This post is so pointed that the repetitive nature in the title (compared to October that is) makes it feel like the shady bitch is back, feel free to tell a friend.
While I find my little Eminem reference a fun way to complain about what my body is doing to me, for those of you who aren’t 100% on what that means, let’s just say I expect that it matches whatever is going on in your mind. And I hate to admit that but it’s certainly true, and certainly annoying, which makes straight up bitchy comments completely appropriate.
If we go back a few months, many of you will likely remember the incident which resulted in some fairly intense life changes. Long story short, my body was a bit dicey so we moved off the pills I was on, and began another round being sponsored by a different medical facility. Essentially I had to move away from the initial treatment and onto a new one that slowly corrected my issues.
For those of you who were involved in what was going on as I was off ahead of my slow-ish recovery, you can likely remember how bizarre it was and how I behaved. For those of you who weren’t as involved – I could barely walk without tripping or stumbling. My speech and conversations were a bit wonky. I couldn’t remember quite often, although most would argue that has popped up fairly often as a result of the existing memory issues developing into garbage in my brain. Anyways, let’s just say it was a combination of all the treatment and the mass that had grown on to my existing tumor that meant we had to do something to knock it’s impact in the balls.
The latest and greatest is we’ve discovered a much smaller mass that has grown along the right side of my brain and has become a new nuisance. It hasn’t really caused me much physical suffering which is a good thing. As referenced above I’m definitely more loopy doopy. It’s certainly annoying, but I’d argue probably more entertaining for those who witness the gobbeldygook on a recurrent basis. You’re welcome!

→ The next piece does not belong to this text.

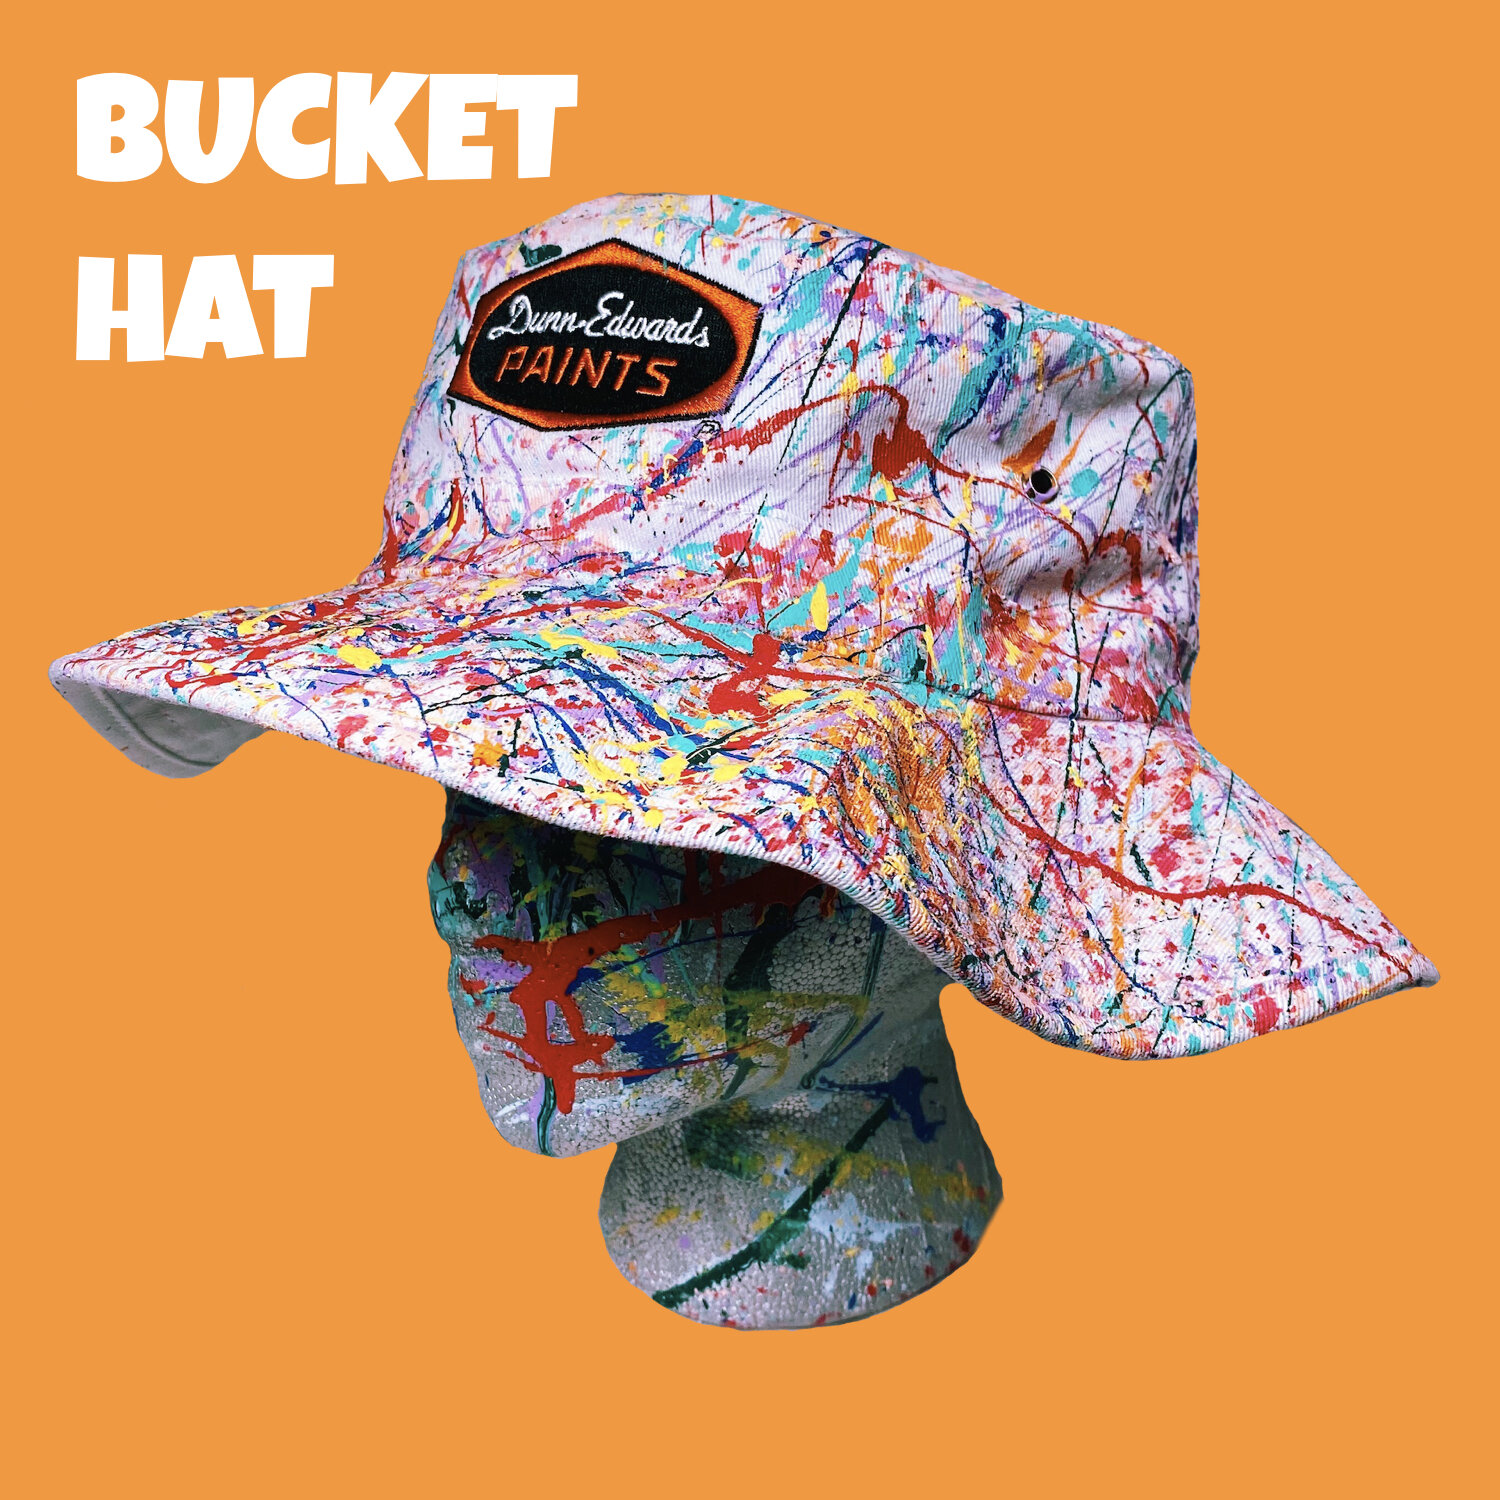 bucket-hat-superbloom-paint-splatter-dunn-edwards.jpeg

I continue to battle these “ailments” alongside a few other blahs. Attempting to eat a bit healthier (the struggle is real!!); acupuncture (amazing and free at a local charity – shout out to Ann’s Place); forcing some relaxation time so I’m not completely buried in exhaustion.
- Items to REALLY kick in include:
- Extra boo-hoo memory garbage and general forgetfulness.
- Taking chemo on an empty stomach two hours after dinner. No. Snacks. For. Me.
- Exhaustion and a real serious need to day nap which is not really my jam, but becomes a necessity.
- Going to MSK every day for 10 days for the radiation + two strands of medication at home on a daily basis + an infusion ever two weeks at the office.
The list carries on and feels never ending, but overall I’m feeling physically okay at this point so my complaint threshold is minimal at best, and I’m hoping it remains that way once everything kicks in. It sounds worse than it is in practice, but I can’t deny that it’s a lot to keep up with and find myself, again, surrounded by the most wonderful people who assist in keeping all this stuff and ME together – Ryan, Erica, Moms & Dads, The Goddard School (shout out seriously necessary), Erika, Shan, Al & Trevor, Ian and the 17 other primary contacts who I could include but you know who you are and my love for you all goes higher and further than you’ll ever grasp, even when you’re annoyed with me for forgetting to share a treatment gossip story with you…
Now onto some more grateful fun – here are some (too many…) pics that highlight how the last couple of months have been for myself and I hope many of those pictured here!













Alrighty I think that’s enough folks. It’s been really nice venting to such a receptive crowd – you all and your ears for listening and eyes for reading continue to make this cloud of bullshit a more manageable project. I hope you all enjoyed Christmas, are celebrating Hanukkah with zest and vigor, and are ready to say DEUCES ✌🏼 to 2024.